Connection refused. But when I tested from the host:

curl https://acme-v02.api.letsencrypt.org/directory

It worked perfectly. So what was going on?

Problem 1: The search . Domain

I started digging into /etc/resolv.conf:

nameserver 127.0.0.53
options edns0 trust-ad
search .

That search . line looked suspicious. Turns out, Hetzner’s DHCP configuration adds this, and it completely breaks DNS resolution inside Kubernetes pods. The problem is that when CoreDNS tries to resolve external domains, it forwards to /etc/resolv.conf, which points to 127.0.0.53 (systemd-resolved on the host). But pods can’t reach the host’s systemd-resolved, so every DNS query fails.
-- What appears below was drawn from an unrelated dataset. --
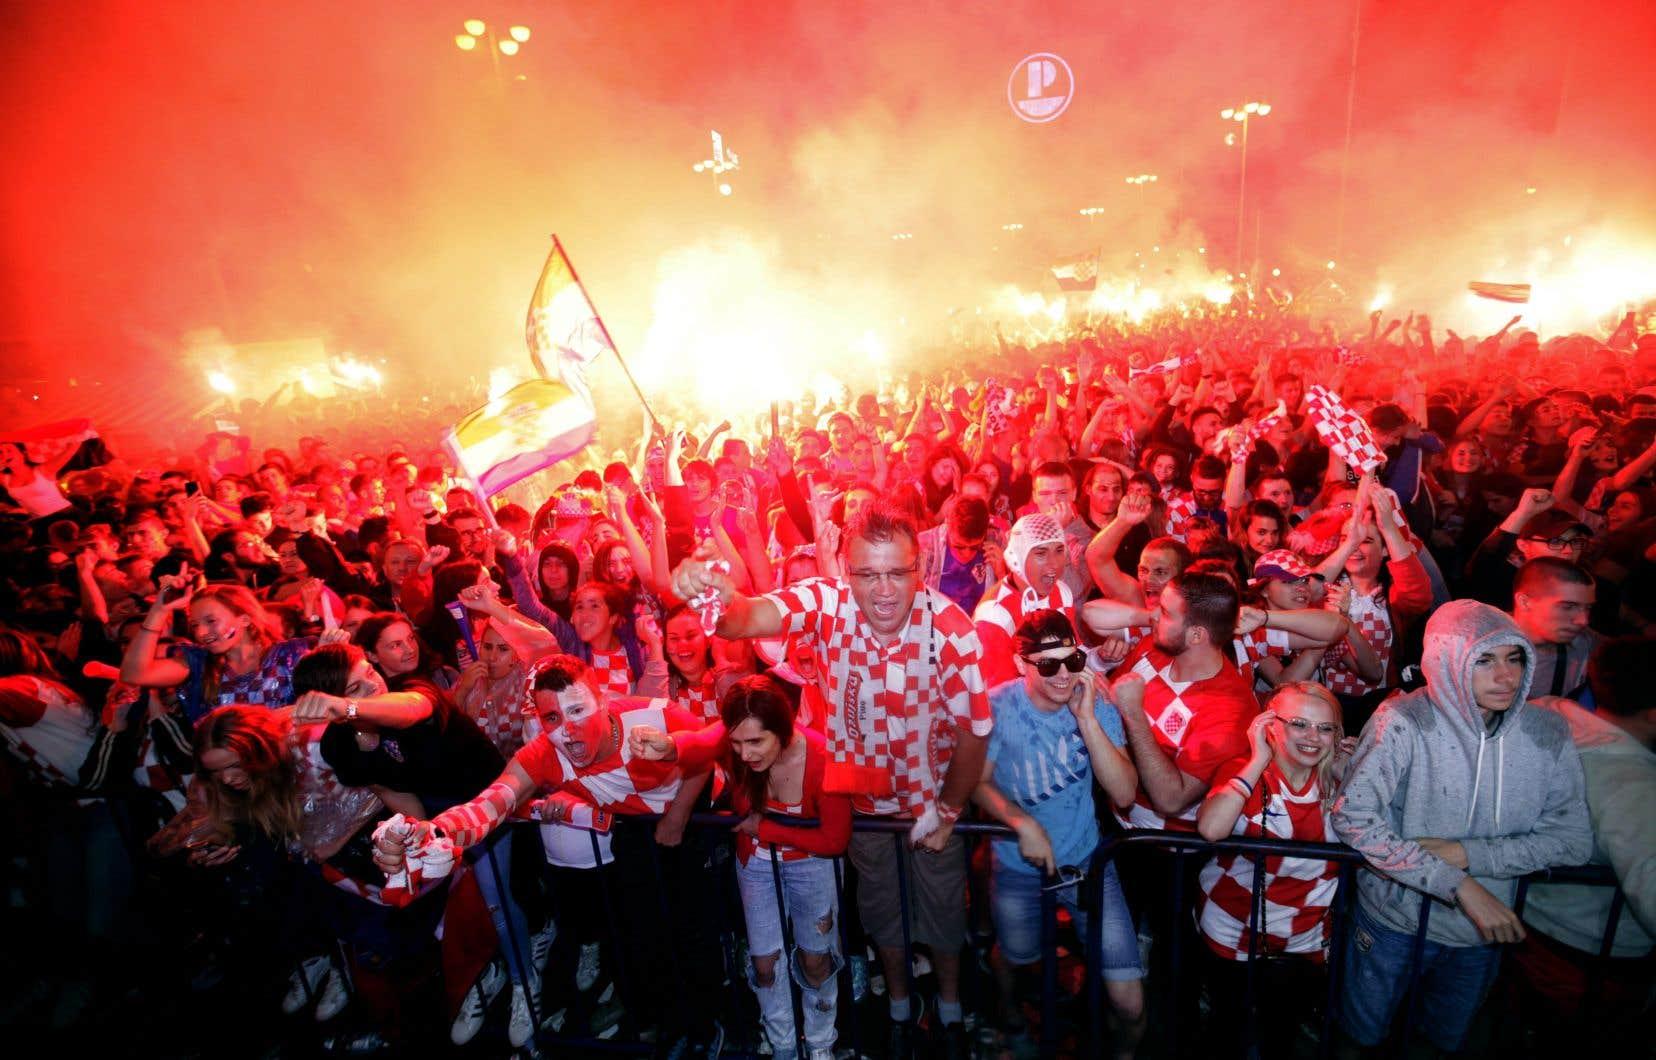 Des milliers de partisans, réunis sur la place centrale de la capitale Zagreb, ont suivi la rencontre sur écran géant mercredi sans être découragés par la pluie.
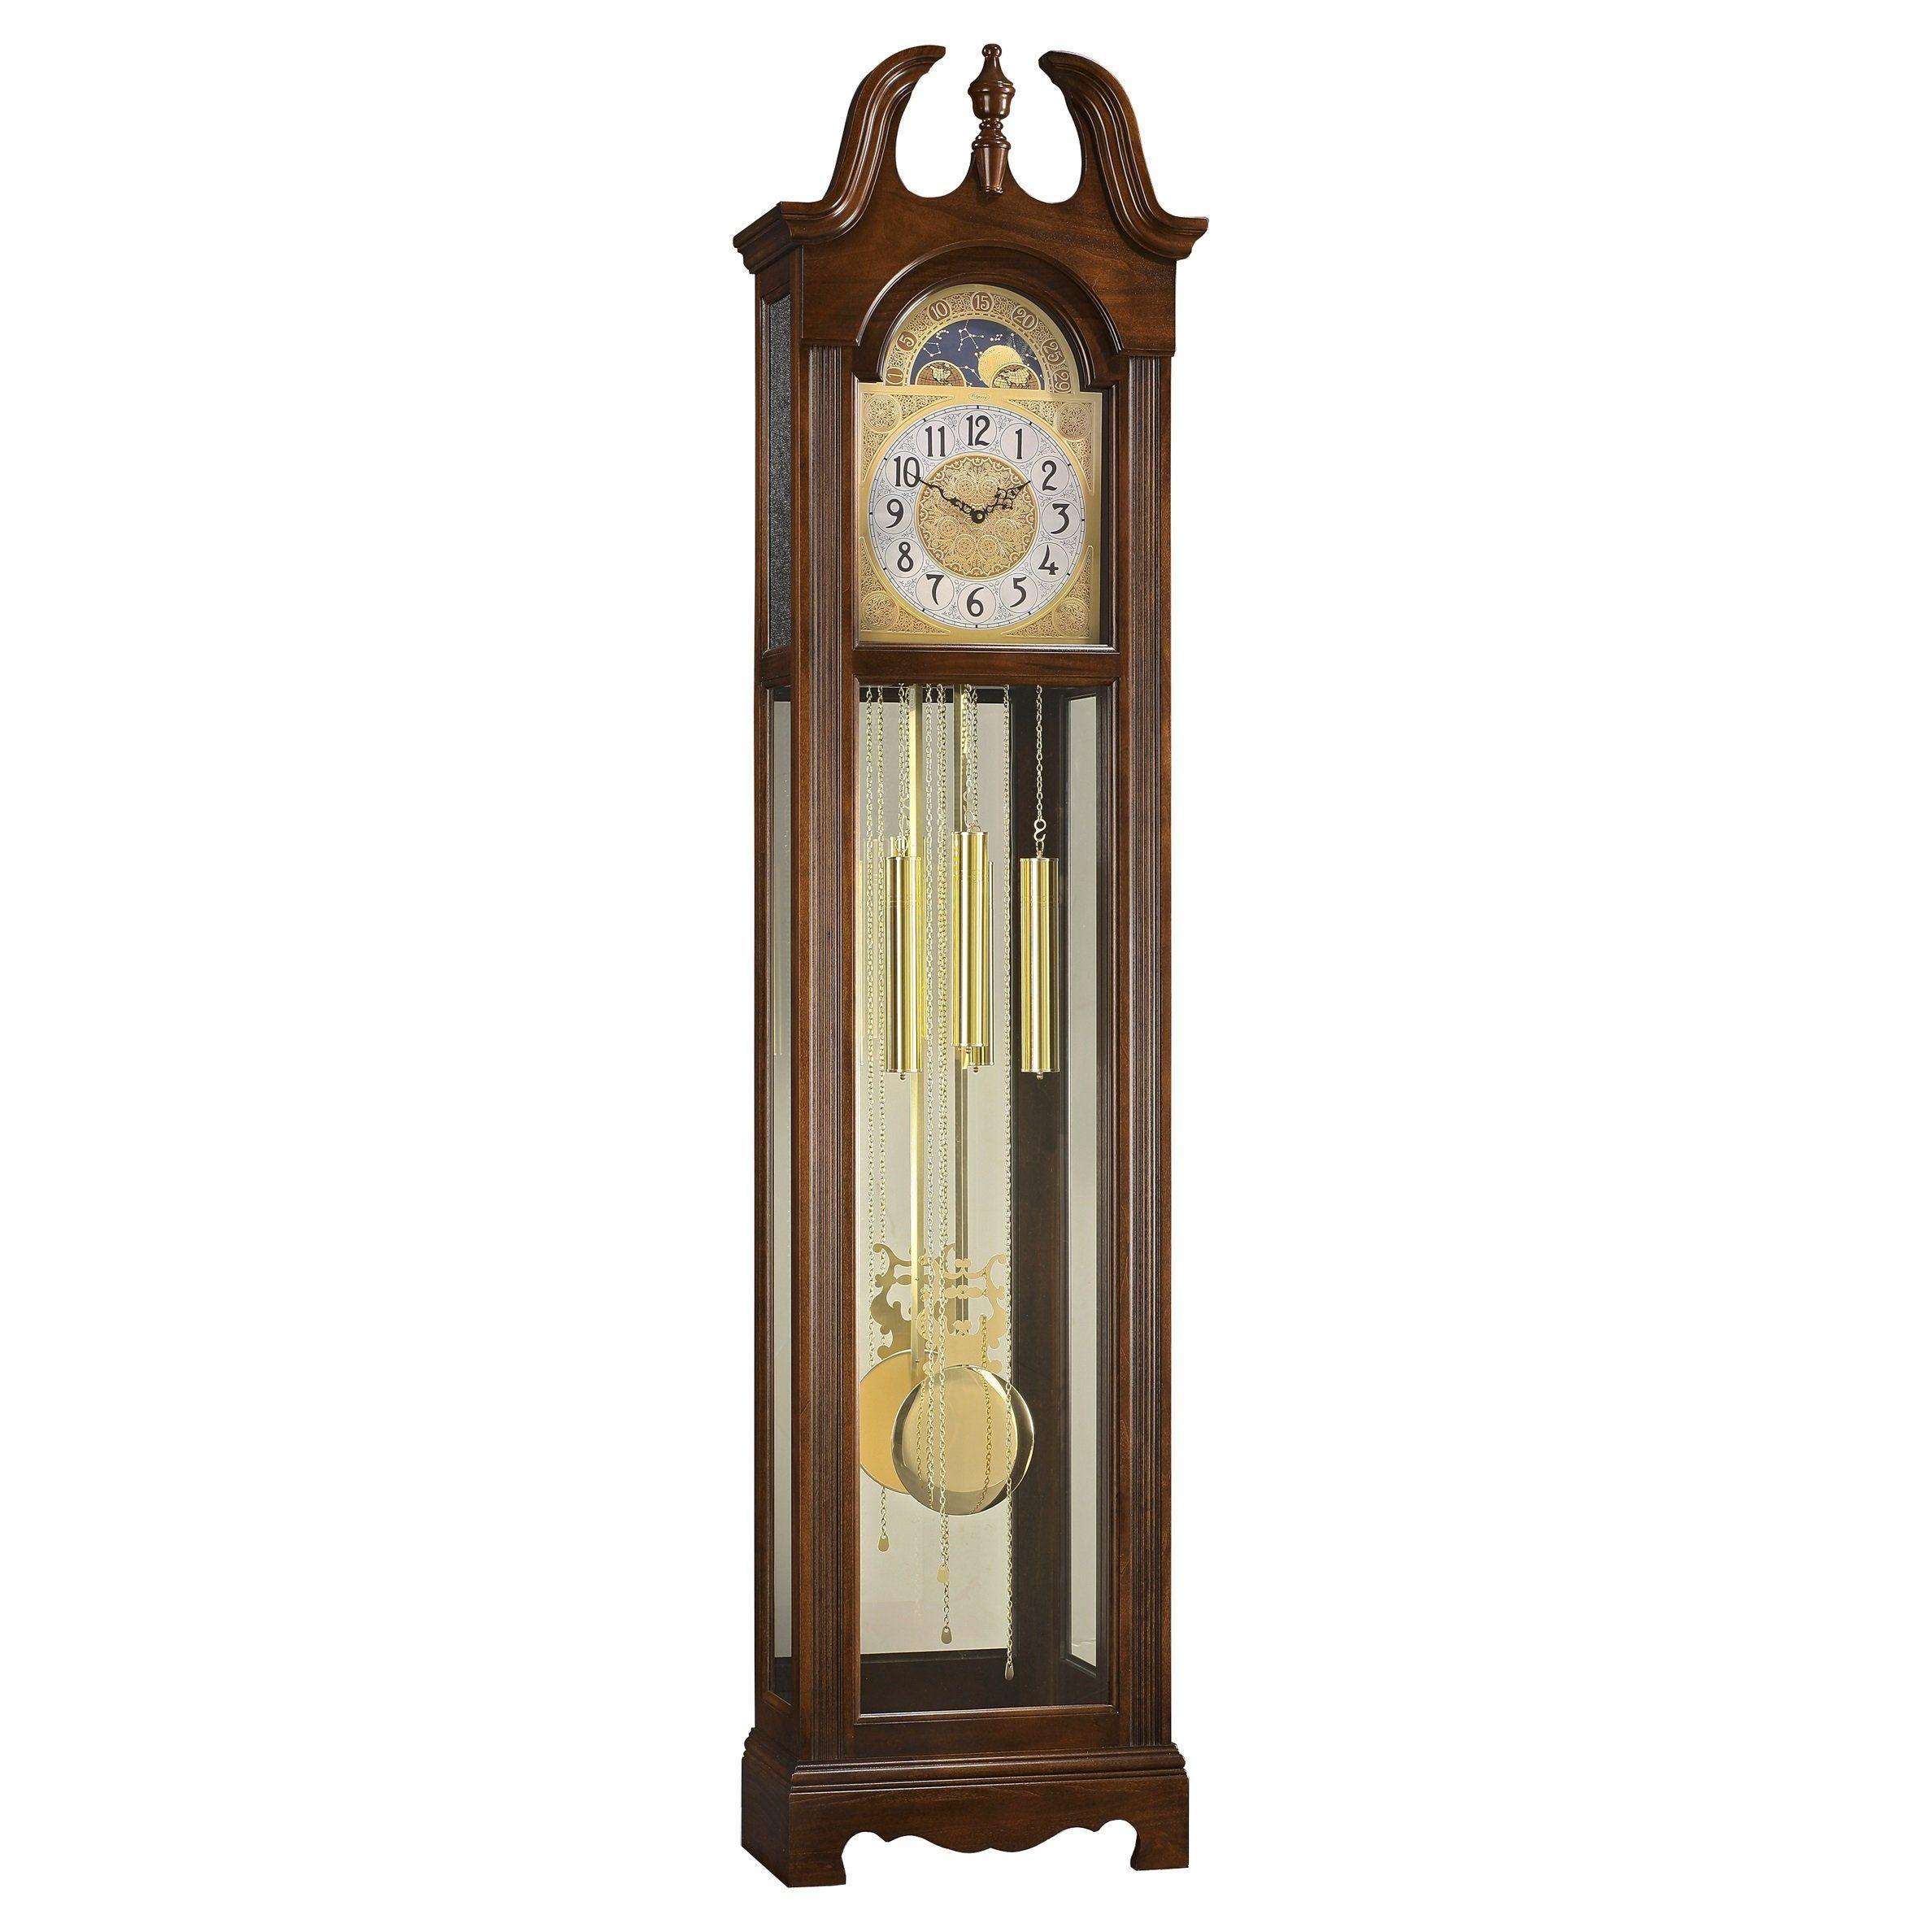 Ridgeway Harper Floor Clock 2552 Grandfather clock

I found this issue documented here: https://github.com/cert-manager/cert-manager/issues/3394

The fix required multiple steps:

Step 1: Fix the host’s resolv.conf

sudo nano /etc/netplan/01-netcfg.yaml

Added:

dhcp4-overrides:
  use-domains: false

This tells netplan to ignore the search domain from DHCP. Then:

sudo netplan apply

But the search . line kept coming back. systemd-resolved was stubborn. So I took the nuclear option:

sudo rm /etc/resolv.conf
sudo bash -c 'cat > /etc/resolv.conf << EOF
nameserver 8.8.8.8
nameserver 8.8.4.4
EOF'
sudo chattr +i /etc/resolv.conf

Making it immutable with chattr +i prevents anything from changing it.

Step 2: Fix CoreDNS

The pods were still using CoreDNS, which was forwarding to the broken /etc/resolv.conf. I had to tell CoreDNS to use public DNS directly:

kubectl edit configmap coredns -n kube-system

Changed:

forward . /etc/resolv.conf

To:

forward . 8.8.8.8 8.8.4.4

Then restarted CoreDNS:

kubectl rollout restart deployment coredns -n kube-system

Now pods could resolve external domains. Progress!

Problem 2: Outbound HTTPS Was Blocked

But cert-manager still couldn’t reach Let’s Encrypt. DNS worked (I tested with nslookup), but HTTPS connections timed out.

I tested from a pod:

kubectl run test --image=busybox --rm -it -- telnet 8.8.8.8 443

Timeout. Port 443 outbound was completely blocked.

The culprit? My iptables rules. Earlier, I had added rules to forward ports 80 and 443 to K3s’ NodePorts:

sudo iptables -t nat -A PREROUTING -p tcp --dport 443 -j REDIRECT --to-port 31994

This rule was too broad. It redirected ALL port 443 traffic, including outbound connections from pods trying to reach Let’s Encrypt. Every HTTPS request was being hijacked and redirected to Traefik.

The fix:

# Delete the bad rule
sudo iptables -t nat -D PREROUTING -p tcp --dport 443 -j REDIRECT --to-port 31994

# Add a more specific rule
sudo iptables -t nat -I PREROUTING -i enp195s0 -p tcp --dport 443 -j REDIRECT --to-port 31994

The -i enp195s0 flag makes the rule only apply to traffic coming FROM the external network interface, not traffic originating from pods.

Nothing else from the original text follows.